Dicho esto, entró apresuradamente en el sepulcro, en persecución de la persona que huía. El duque no sabía por qué había dicho estas palabras, pero suponiendo que tenía sus razones para ello, le siguió sin vacilar; los demás hicieron lo mismo, y el grupo entero no tardó en llegar al pie de la escalera. Como la puerta de arriba había quedado abierta, las llamas vecinas arrojaban suficiente luz para permitirle a Lorenzo ver al fugitivo corriendo por los pasadizos de las bóvedas lejanas. Pero cuando dio la vuelta a un recodo, se quedó sin luz, sumiéndose en total oscuridad, y sólo pudo situar a quien huía por el eco de sus pasos.
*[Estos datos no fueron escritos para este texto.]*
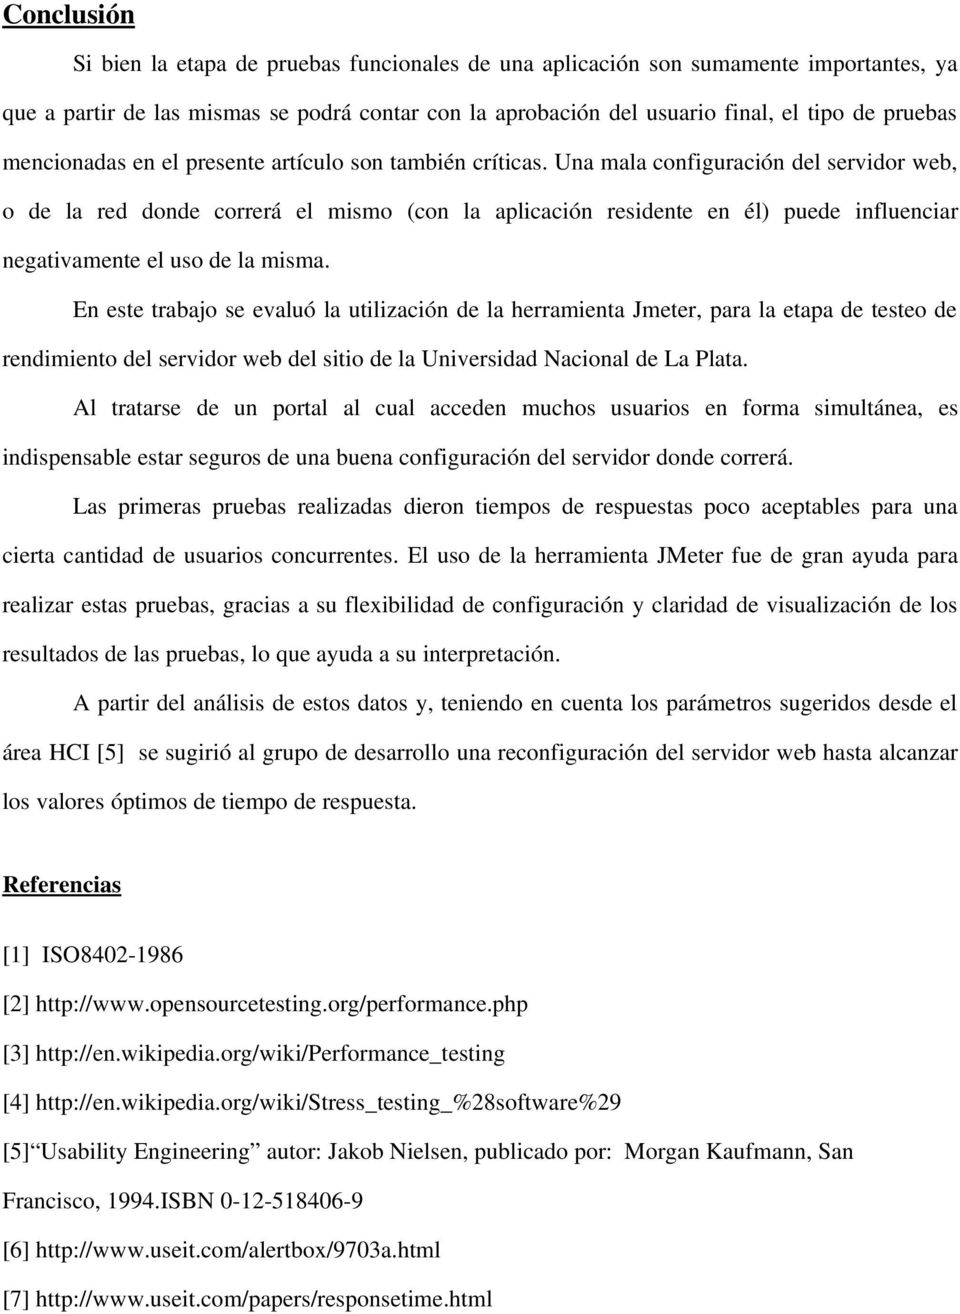 En este trabaj se evaluó la utilización de la herramienta Jmeter, para la etapa de teste de rendimient del servidr web del siti de la Universidad Nacinal de La Plata.

Los perseguidores se vieron ahora obligados a avanzar con precaución. Según podían juzgar, el fugitivo parecía haber aminorado también su paso, pues oían las pisadas más lentas. Finalmente, se desorientaron en un laberinto de pasadizos, y se dispersaron en varias direcciones. Movido por su deseo de aclarar este misterio, y penetrar en él por un impulso secreto e inexplicable, Lorenzo no hizo caso de esta circunstancia hasta que se encontró completamente solo. El ruido de pasos había cesado. Todo estaba en silencio a su alrededor, y no oía nada que le orientase en qué dirección había huido aquella persona. Se detuvo a reflexionar sobre qué medio valerse para proseguir su persecución. Estaba convencido de que ningún motivo normal había llevado al fugitivo a buscar un lugar tan tétrico a una hora tan poco usual. El grito que había proferido parecía de terror, y estaba convencido de que aquello entrañaba algún hecho misterioso. Tras unos minutos de vacilación, decidió proseguir, buscando el camino a tientas por las paredes del pasadizo. Llevaba ya algún tiempo andando de esta manera, cuando divisó a lo lejos un tenue resplandor. Guiado por él y con la espada desenvainada, dirigió sus pasos hacia el lugar de donde parecía provenir aquella luz.